Mainstream Intel Core Processors will not support AVX 512 from Skylake Only Xeon

csbin · Mar 1, 2015

http://wccftech.com/mainstream-intel-core-processors-support-avx-512-skylake-xeon/

oh...my god

Arachnotronic · Mar 1, 2015

csbin said:
http://wccftech.com/mainstream-intel-core-processors-support-avx-512-skylake-xeon/

oh...my god

Very old news

Also, here's the actual source: http://www.bitsandchips.it/hardware...olo-per-gli-xeon-skylake-e-non-i-core-skylake

ShintaiDK · Mar 1, 2015

Indeed very old. Its actually known since july 2013. But we seem to have an influx of those. Specially if they can add some drama.

Wccftech is nothing but a clickbait site.

witeken · Mar 1, 2015

Yeah, but I wonder if or what will be different about SKL compared to HSW to be excited about.

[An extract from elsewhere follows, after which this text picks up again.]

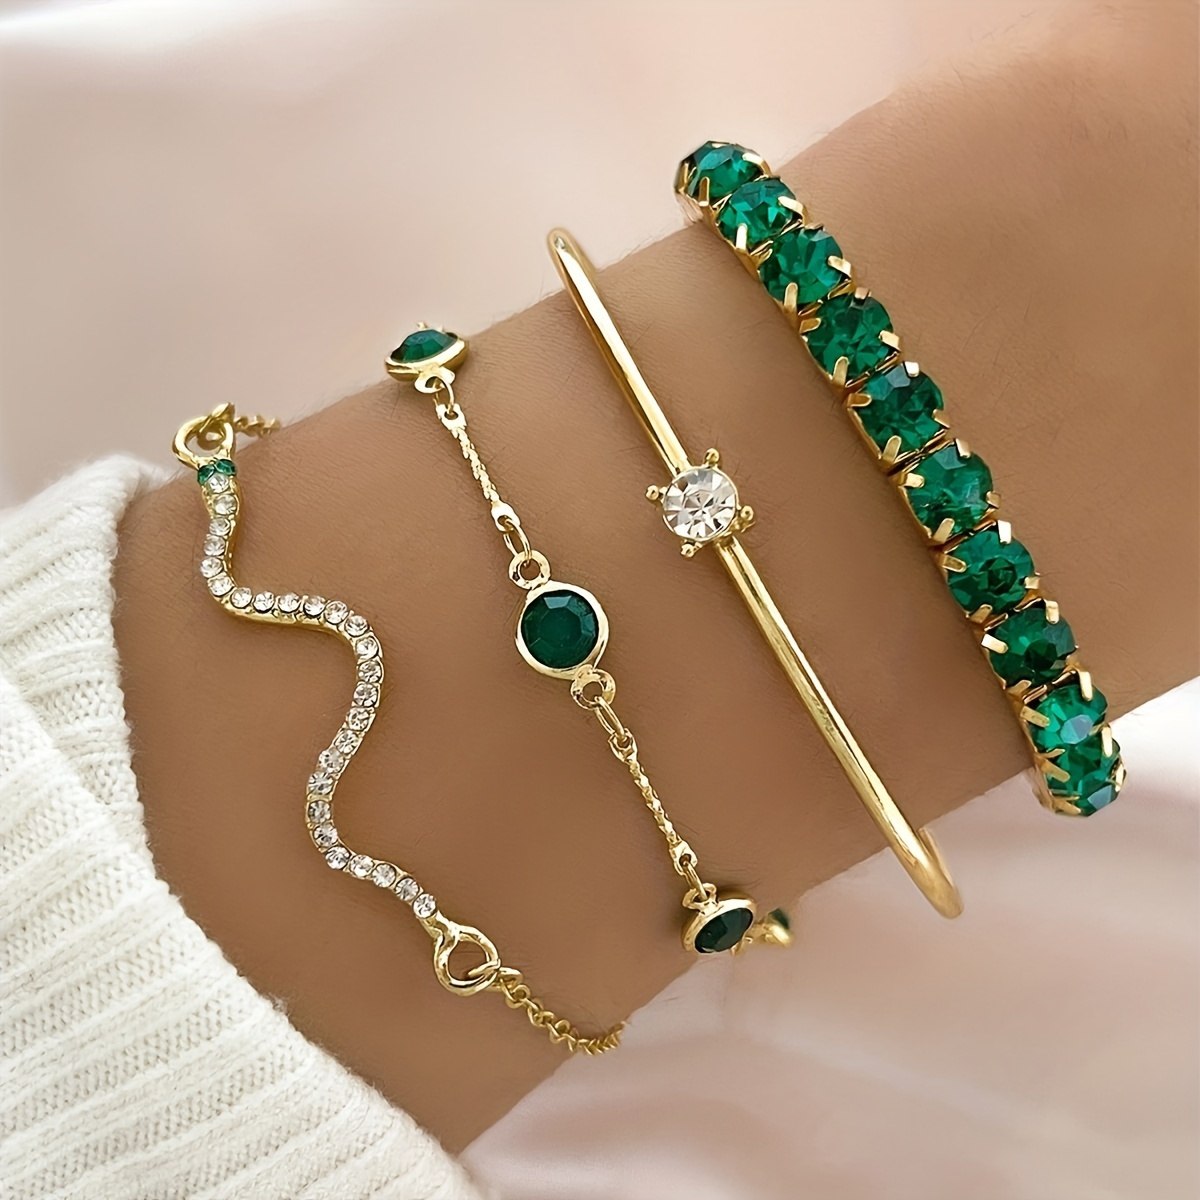 

Retro & Elegant Style, 4pcs Green Shiny Iced Out Zircon Bangle Bracelet Set, Stackable Hand Jewelry Bracelet For Daily Wear

Ofcourse when I say mainstream processors wont have AVX 512, what I really mean is that it will be disabled. They will only be enabled on the Skylake SKUs on the Xeon platform. So it looks like the new iteration of Intels offerings will not have any significant new instruction set, mostly all the old stuff. Yet we have word that it is going to be one hell of an architecture to look out for, because for the first time in many years, Intel is simply refusing to divulge the slightest (information even under NDA). This above top secret attitude seems out of place since the process was already introduced with Broadwell and is supposed to be just a Haswell-equivalent for Broadwell. Something that definitely appears to not be the case.
The level of secrecy Intel is maintaining makes it very clear that they are bringing something brand new with the Skylake uarch.

Ken g6 · Mar 1, 2015

If AVX 512 will only be on Xeon, my next question is whether there will by Skylake Xeons that will fit in standard consumer mobos that will support it? Like the Xeon E3 series?

mikk · Mar 1, 2015

Yes this is known since many many months. Nothing new there. The only shock is that wccftech didn't know it, it just proves that they are noobish.

Ken g6 · Mar 1, 2015

Google answered my question, including [thread=2405871]in these forums[/thread] and in another wccftech article.

Xeon E3-1200 v5 will be based on the LGA 1151 socket and feature GT2 graphics with a RAM limit of 64GB (both DDR3 and DDR4 are supported). This is twice as much as its broadwell counterpart.

mikk · Mar 1, 2015

Highend Xeon only afaik. I don't expect AVX512 in Xeon E3 either.

ShintaiDK · Mar 1, 2015

With some luck it may be in the LGA20xx versions for consumers.

Enigmoid · Mar 1, 2015

Not surprising.

Zodiark1593 · Mar 1, 2015

Is there anything that even uses avx?

ShintaiDK · Mar 1, 2015

Zodiark1593 said:
Is there anything that even uses avx?

Yes, AVX and AVX2 is widely used.

At least 2 games even got dedicated AVX executables that differs featurewise from regular. Grid 2 and Dirt Showdown.

III-V · Mar 1, 2015

witeken said:
Yeah, but I wonder if or what will be different about SKL compared to HSW to be excited about.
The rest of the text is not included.